Alta Partners LLP (“Alta Partners”) is a venture capital firm that invests in life sciences, funding over 130 companies in the industry since 1996. Alta Partners’ investment philosophy is based on being long-term investors and the belief that it is critical to be a value-added investor by actively working with portfolio company management teams to help build market-leading companies. Alta Partners has been an active investor in the Company for over eight years, having initially invested in the Company in connection with the Company’s pre-IPO series C preferred stock financing in May 2001. Alix Marduel, M.D., a former Managing Director of Alta Partners, served on the Board from 2001 until June 2008, at which point she resigned, and Edward E. Penhoet, Ph.D., a Director of Alta Partners, joined the Board. Dr. Penhoet resigned from the Board effective January 5, 2010 due to time constraints associated with his appointment as a member of President Obama’s Council of Advisors on Science and Technology.

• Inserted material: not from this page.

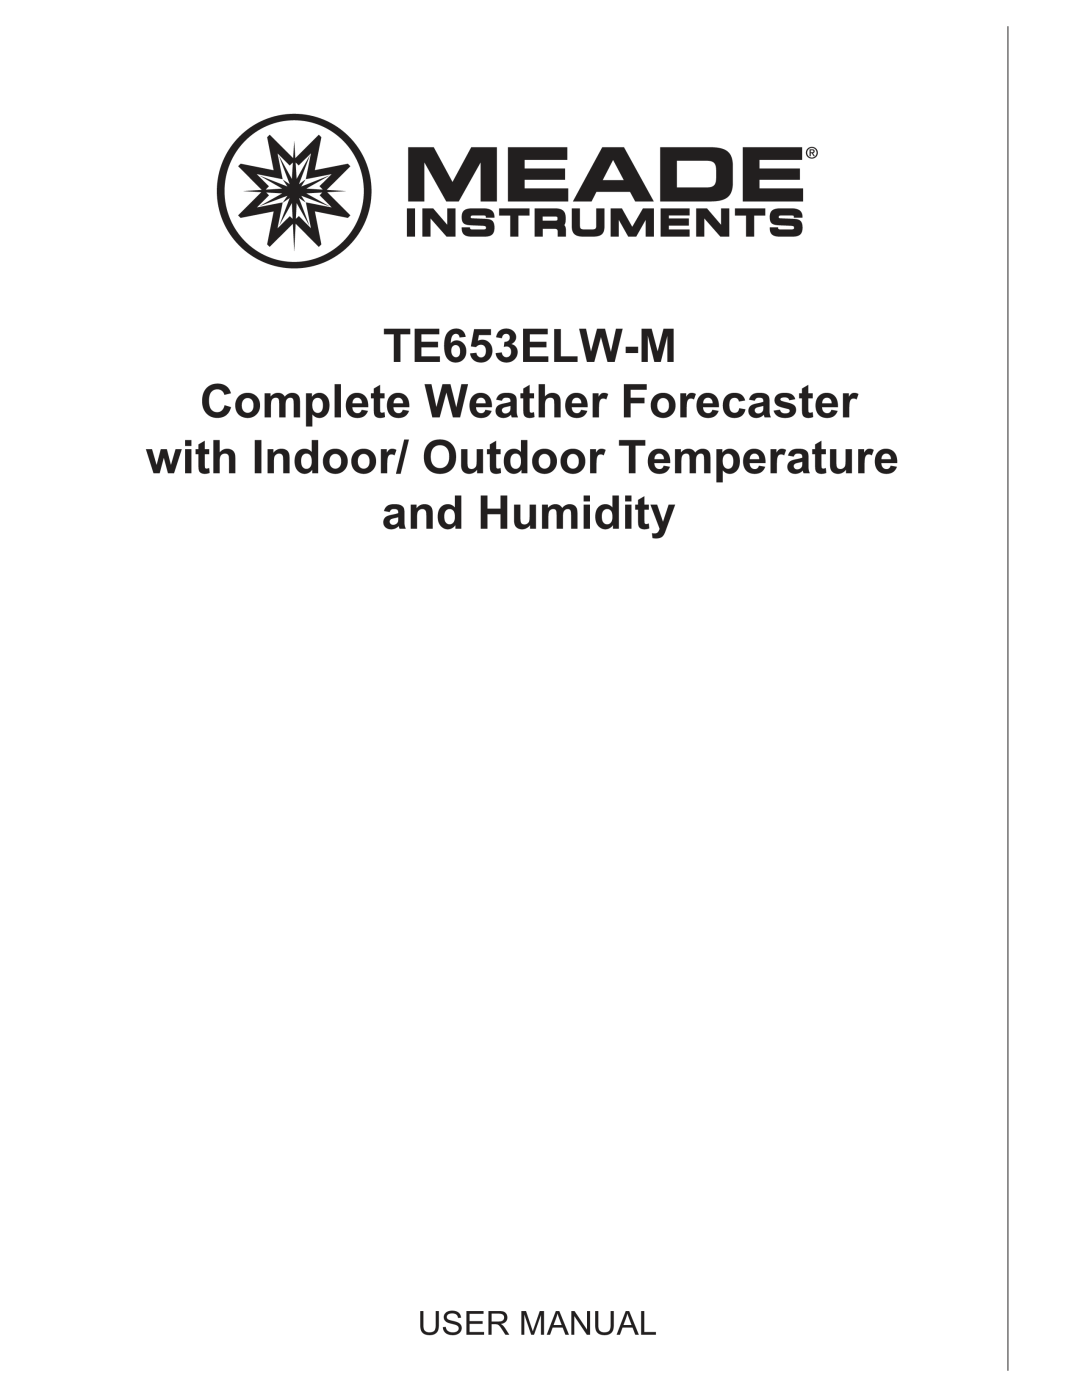 Meade TE653ELW-M user manual User Manual

B. Non-Affiliated Selling Stockholders.

The remaining Selling Stockholders (collectively, the “Non-Affiliated Holders”) include various persons and entities who do not have the power to direct or cause the direction of the management of the Company.3 Ingalls & Snyder Value Partners, L.P., Thomas O. Boucher, Robert L. Gipson and Thomas L. Gipson (collectively, “Ingalls”) collectively own 5.6% of the outstanding Common Stock and 6.6% of the Diluted Shares Outstanding. Federated Kaufmann Fund, Federated Kaufmann Small Cap Fund, American Skandia Trust and Federated Kaufmann Fund II (collectively, “Federated”) collectively own 4.5% of the outstanding Common Stock and 5.3% of the Diluted Shares Outstanding. George H. Conrades (including shares held by Pelmea, L.P., “Conrades”) owns 2.8% of the outstanding Common Stock and 2.9% of the Diluted Shares Outstanding. Each of the other 17 Non-Affiliated Holders owns less than one percent of the Diluted Shares Outstanding and collectively own less than four percent of the outstanding Common Stock and the Diluted Shares Outstanding.

 

 

(3) The Non-Affiliated Holders consist of Ingalls (as hereinafter defined), Federated (as hereinafter defined), George H. Conrades, Pelmea LP, Alexander Casdin, David E. Shaw, Black Point Group LP, Douglas G. DeVivo, Vaughn D. Bryson, Steven D. Pruett, VP Company Investments 2008, LLC, the Alan C. and Agnes B. Mendelson Family Trust, Wells Fargo Bank, N.A. FBO SHV Profit Sharing Plan FBO Diane J. Naar, Wells Fargo Bank, N.A. FBO SHV Profit Sharing Plan FBO Yu-Ying Chen, Wells Fargo Bank, N.A. FBO SHV Profit Sharing Plan FBO Patricia Tom (Post), Wells Fargo Bank, N.A. FBO SHV Profit Sharing Plan FBO Robert Yin, Steven D. Singleton, Joseph C. Cook, III and Byron W. Smith. VP Company Investments 2008, LLC and the Alan C. and Agnes B. Mendelson Family Trust are affiliated with partners of Latham & Watkins LLP. Each of VP Company Investments 2008, LLC and the Alan C. and Agnes B. Mendelson Family Trust owns 41,693 shares of Common Stock and 6,861 warrants to purchase shares of Common Stock, or 0.07% of the outstanding Common Stock and 0.07% of the Diluted Shares Outstanding, as of November 16, 2009.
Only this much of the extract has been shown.